* Prompt *
What should come back is the data below, word for word, minus any picture.

* Provided material *
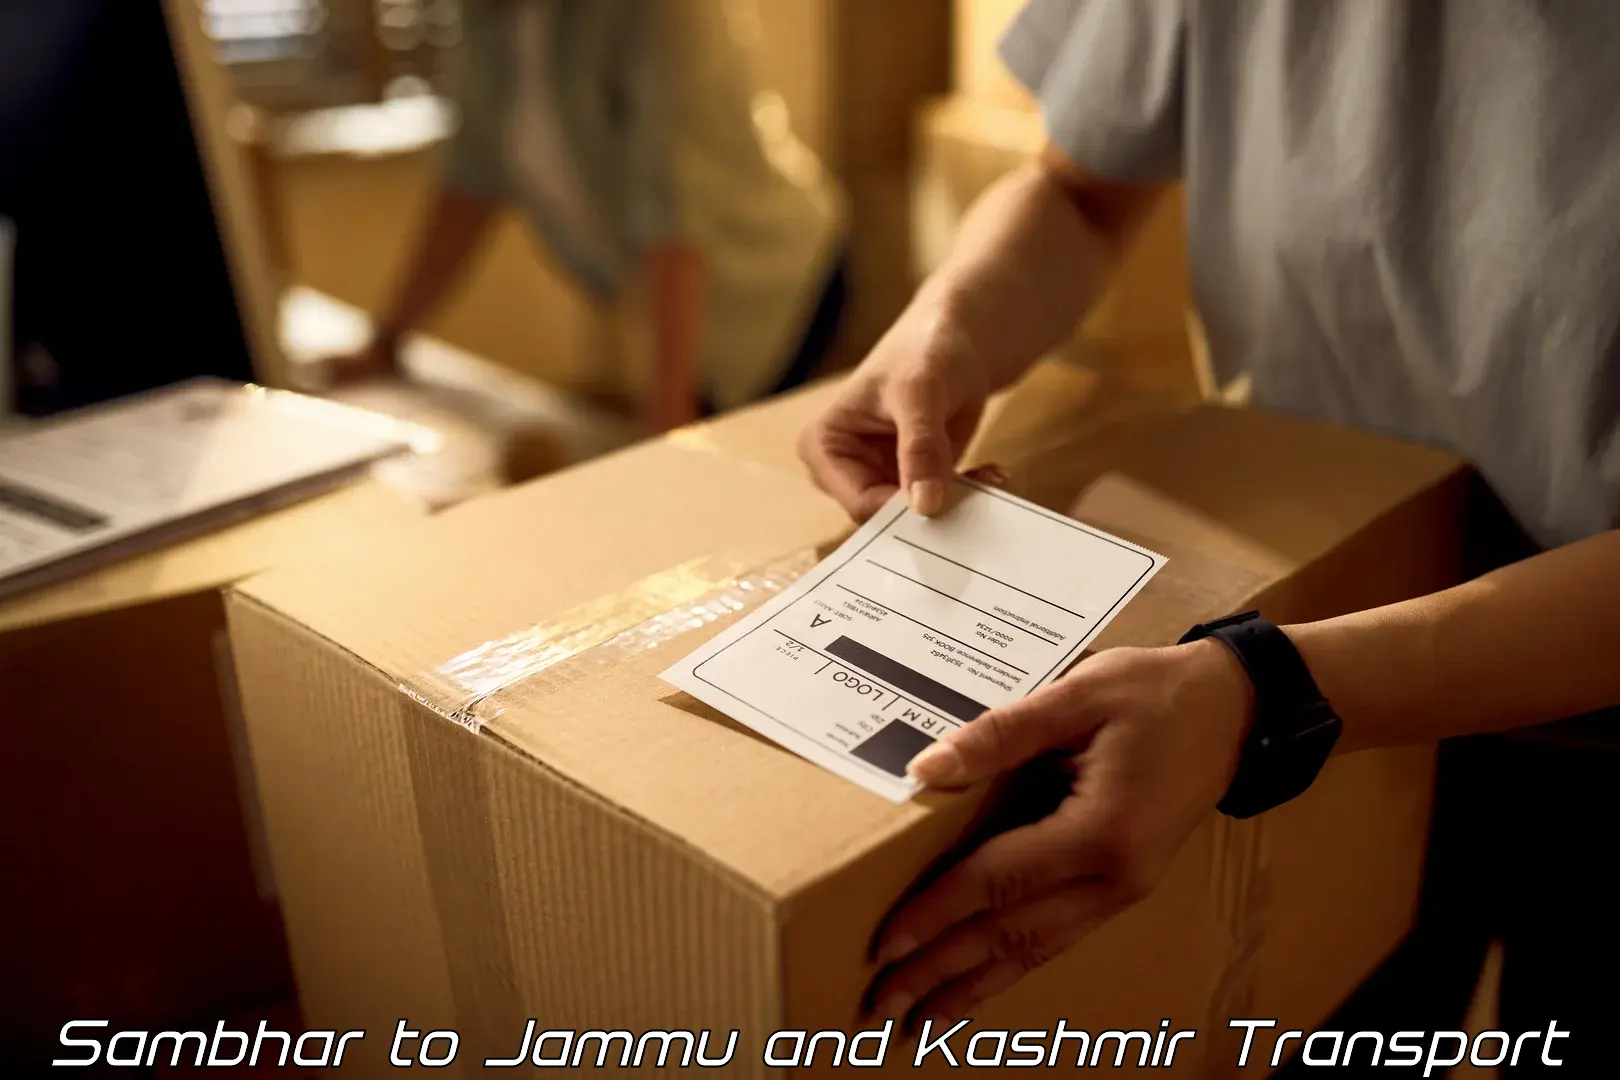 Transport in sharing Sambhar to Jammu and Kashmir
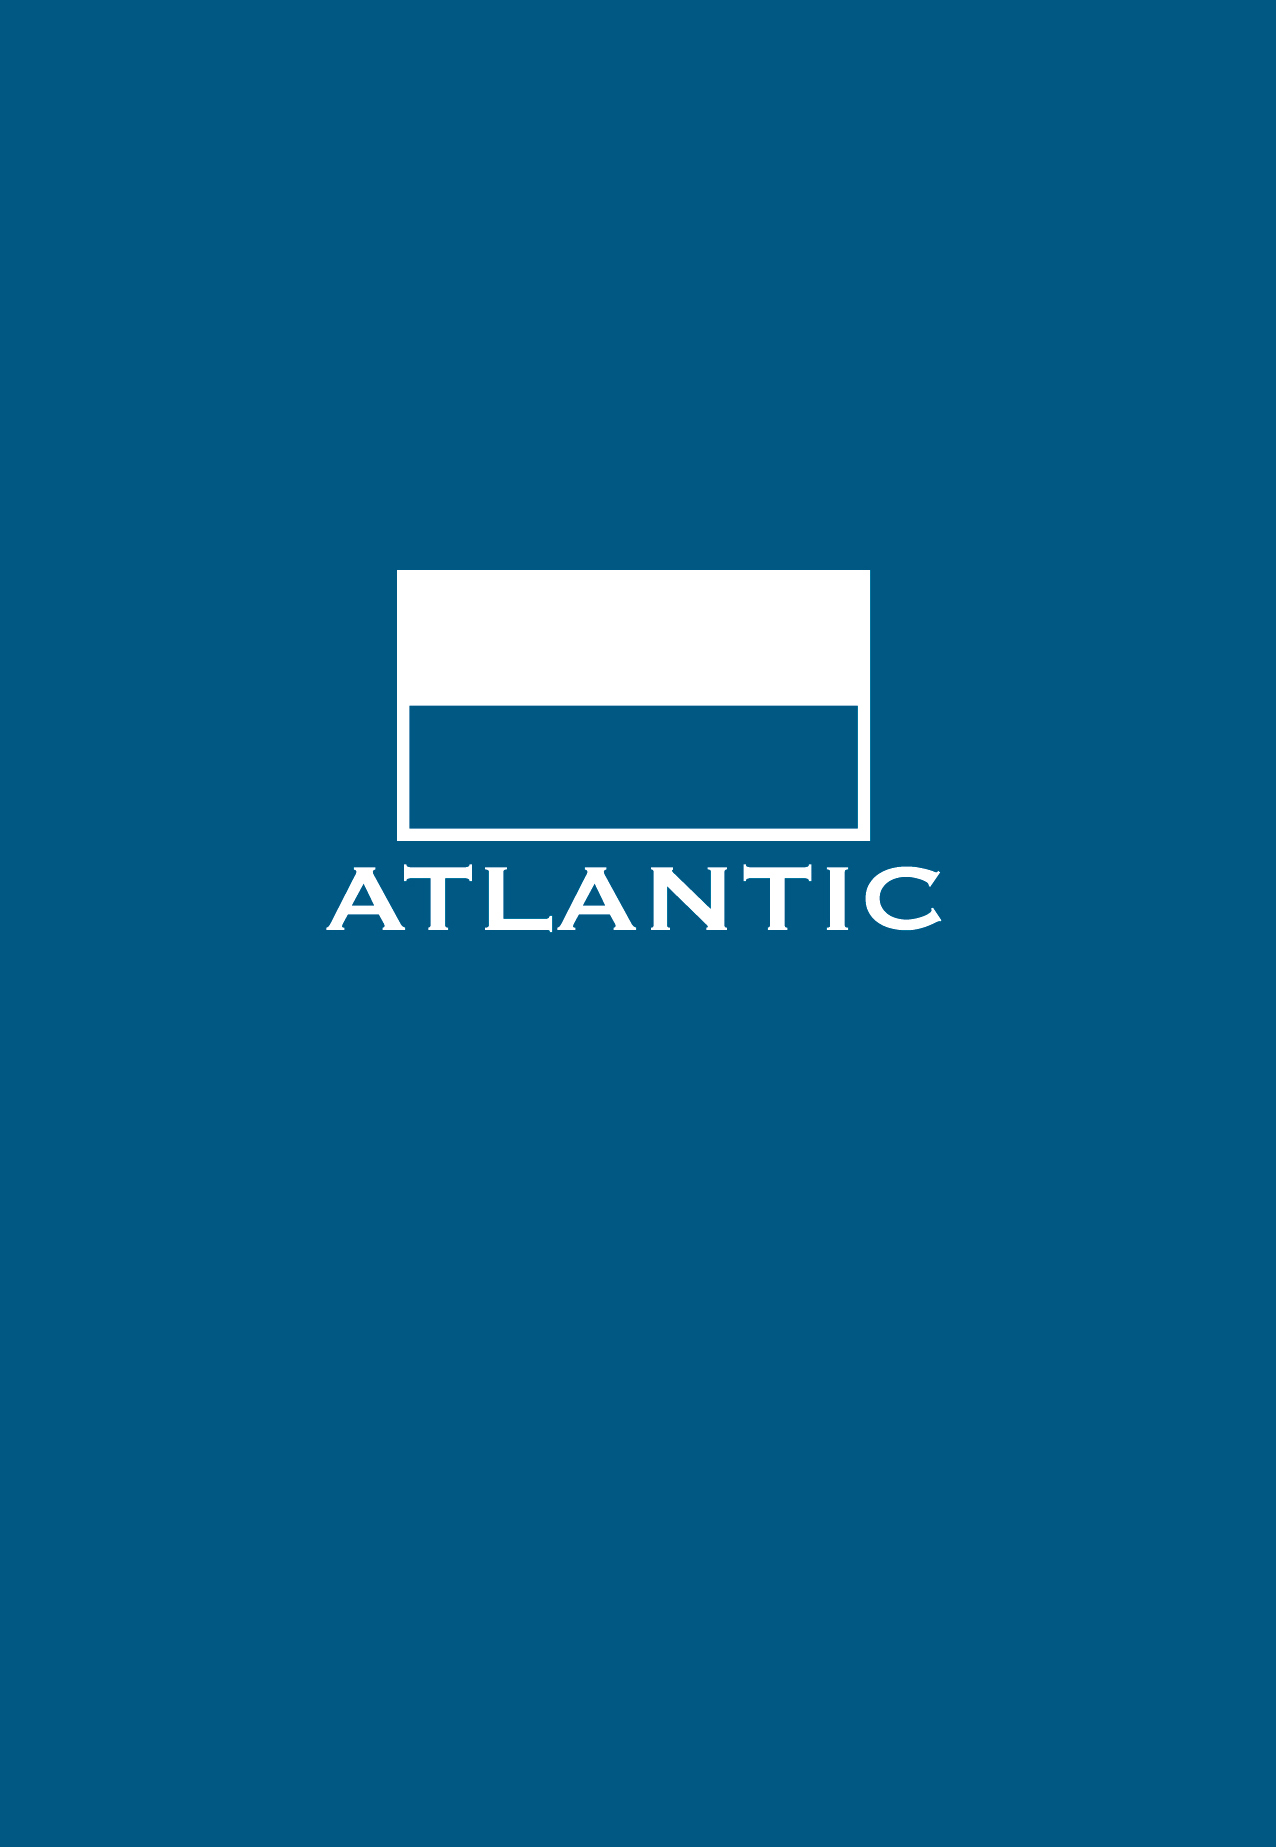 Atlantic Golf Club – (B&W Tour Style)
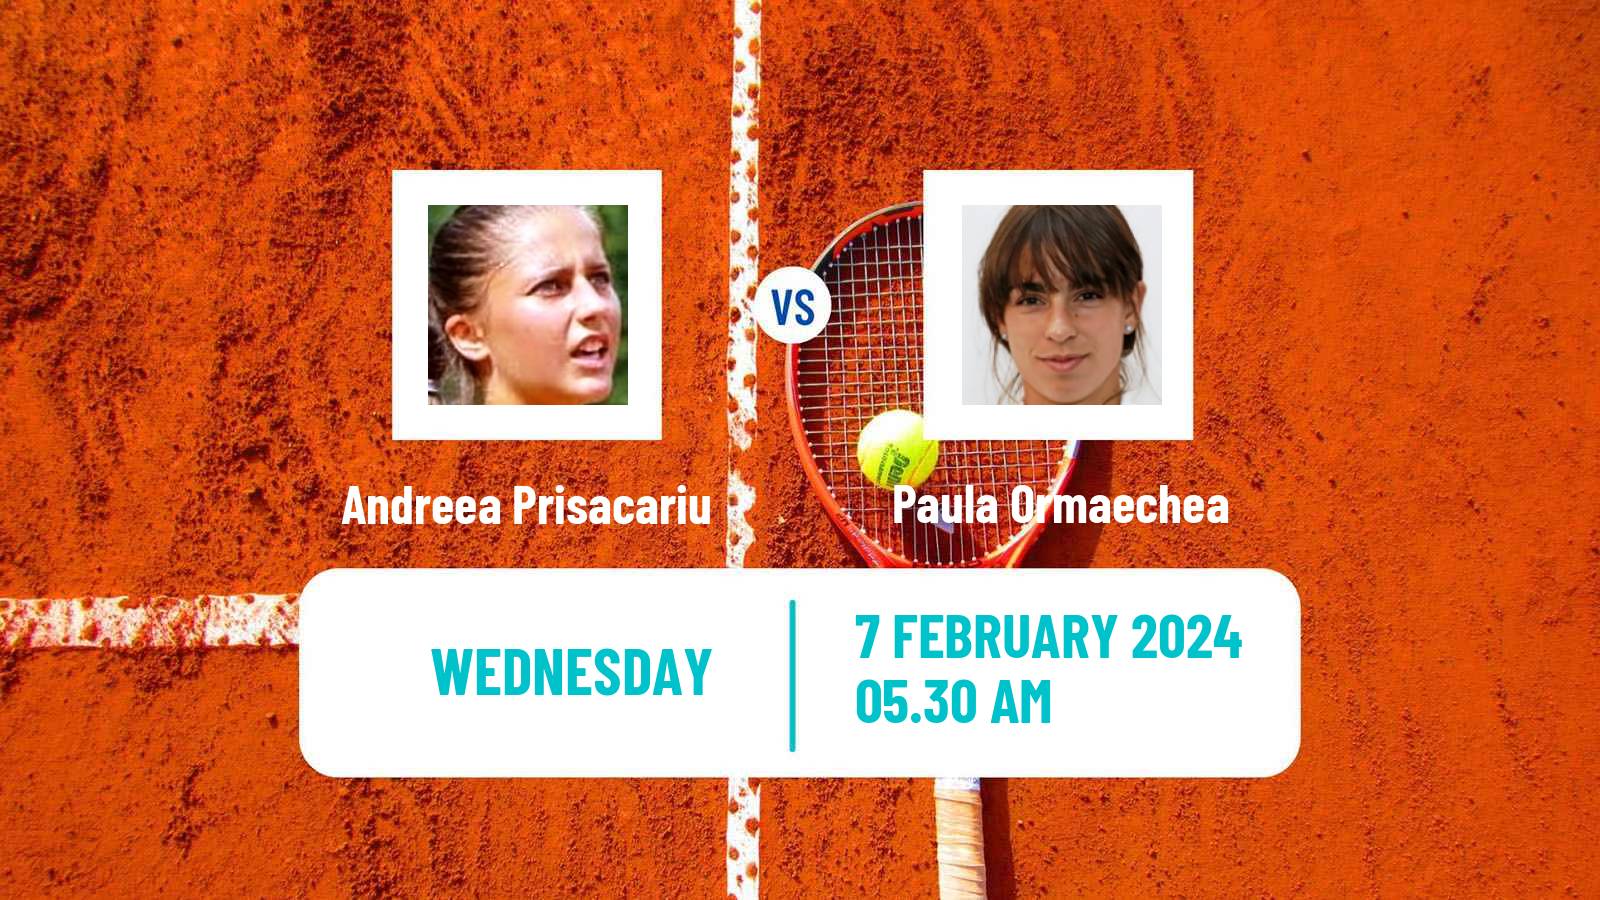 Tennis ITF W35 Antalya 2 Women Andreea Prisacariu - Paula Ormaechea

* Written response *
 Transport in sharing Sambhar to Jammu and Kashmir
 Atlantic Golf Club – (B&W Tour Style)
 Tennis ITF W35 Antalya 2 Women Andreea Prisacariu - Paula Ormaechea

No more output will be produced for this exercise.